The DIGIMU consortium, handled by MINES ParisTech and Armines, is supported by the CEA and the ArcelorMittal, Aperam, Framatome, Constellium, Aubert & Duval, Safran, Ascometal, Timet, and Transvalor companies

What is the aim of DIGIMU?

DIGIMU aims to develop an innovative global framework for the simulation of microstructural changes during forming processes.
It is also the name of the software developed by the company TRANSVALOR in collaboration with the CEMEF and industrial partners of the DIGIMU Chair (2016-2021), RealIMotion Chair (2022-2027) and consortium, which was first released commercially in 2016. This software is based on numerical developments in metallurgy made by the MSR (Metallurgy Structure Rheology) CEMEF MINES ParisTech team. All the numerical developments of the consortium contribute to the development of this software.


One of the European Union’s objectives in climate change consists of reaching net-zero greenhouse gas emissions by 2050. Such perspective puts the metallic materials industry, as a large contributor to carbon emissions, under tremendous pressure for change and requires the existence of robust and qualitative computational materials strategies to design, to enhance, to calibrate, with a very high degree of confidence, new metallic materials technologies with a limited environmental impact. From a more general perspective, the in-use properties and durability of metallic materials are strongly related to their microstructures, which are themselves inherited from the thermomechanical treatments.

Hence, understanding and predicting microstructure evolutions are nowadays a key to the competitiveness of industrial companies, with direct economic and societal benefits in all major economic sectors.

Multiscale materials modeling, and more precisely, simulations at the mesoscopic scale, constitute the more promising numerical framework for the next decades of industrial simulations as it compromises between the versatility and robustness of physically-based models, computation times, and accuracy.

 In this emerging context of « digital materials science », the DIGIMU consortium has two main objectives. The first concerns the development of an efficient multiscale numerical framework adapted to these questions. The second relates to the optimization of these techniques in terms of numerical cost and their validation by the industrial expertise at the heart of the DIGIMU consortium. For these digital tools, which are still quite news, it’s a question of going beyond the usual framework of « simulation for industrialists » and moving towards « simulation by industrialists ».

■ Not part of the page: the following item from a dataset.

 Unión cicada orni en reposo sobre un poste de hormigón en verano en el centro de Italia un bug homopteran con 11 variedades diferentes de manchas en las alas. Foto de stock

Moreover, if the DIGIMU background is mainly dedicated to recrystallization and solid-solid phase transformations for metallic materials. The transverse numerical framework developed by the DIGIMU consortium presents also large potential for the modeling of numerous physical mechanisms occurring at the microscale and for a large range of materials (metallic or polymer composites, granular materials, …).

In this context, a breakthrough numerical strategy to describe the microstructure evolutions of metallic materials during complex industrial thermomechanical treatments has been developed through the ANR Industrial Chair DIGIMU (2016-2020). The outcoming DIGIMU software is now available for the industry, and able for quantitative predictions of microstructure evolutions on material volumes in the range of one mm3, with typical computation times of a few days when performed on a simple laptop. Such simulations and computational efficiency were a dream ten years ago, a reality now with the DIGIMU developments.

The purpose of the RealIMotion ANR Chair program obtained by the consortium in 2022  is to push the limits of numerical metallurgy further and develop a promising new numerical framework coupled with a machine learning physically-based strategy to aim for massive computations, consideration of much larger material volumes, in connection with macroscopic simulations and still with reasonable computation times to be compatible with industrial daily uses. Such a leap in the models will open the door for industrial partners to tune numerically thermomechanical routes, build microstructure-targeted processing maps and automatically propose new enhanced homogenized models. RealIMotion Chair program project brings the cutting-edge and exploding strategies of data science, physically-based models, and machine learning at the service of industrial metallurgy.

The French industrial consortium supporting the developments of digital materials in the context of hot metal forming has grown in the RealIMotion proposal. Constellium and Aperam are new partners. Framatome, Aubert&Duval, ArcelorMittal, CEA, and Safran brought new targeted applications on zirconium alloys, aluminum alloys, dual-phase steels, and new generation nickel based superalloys.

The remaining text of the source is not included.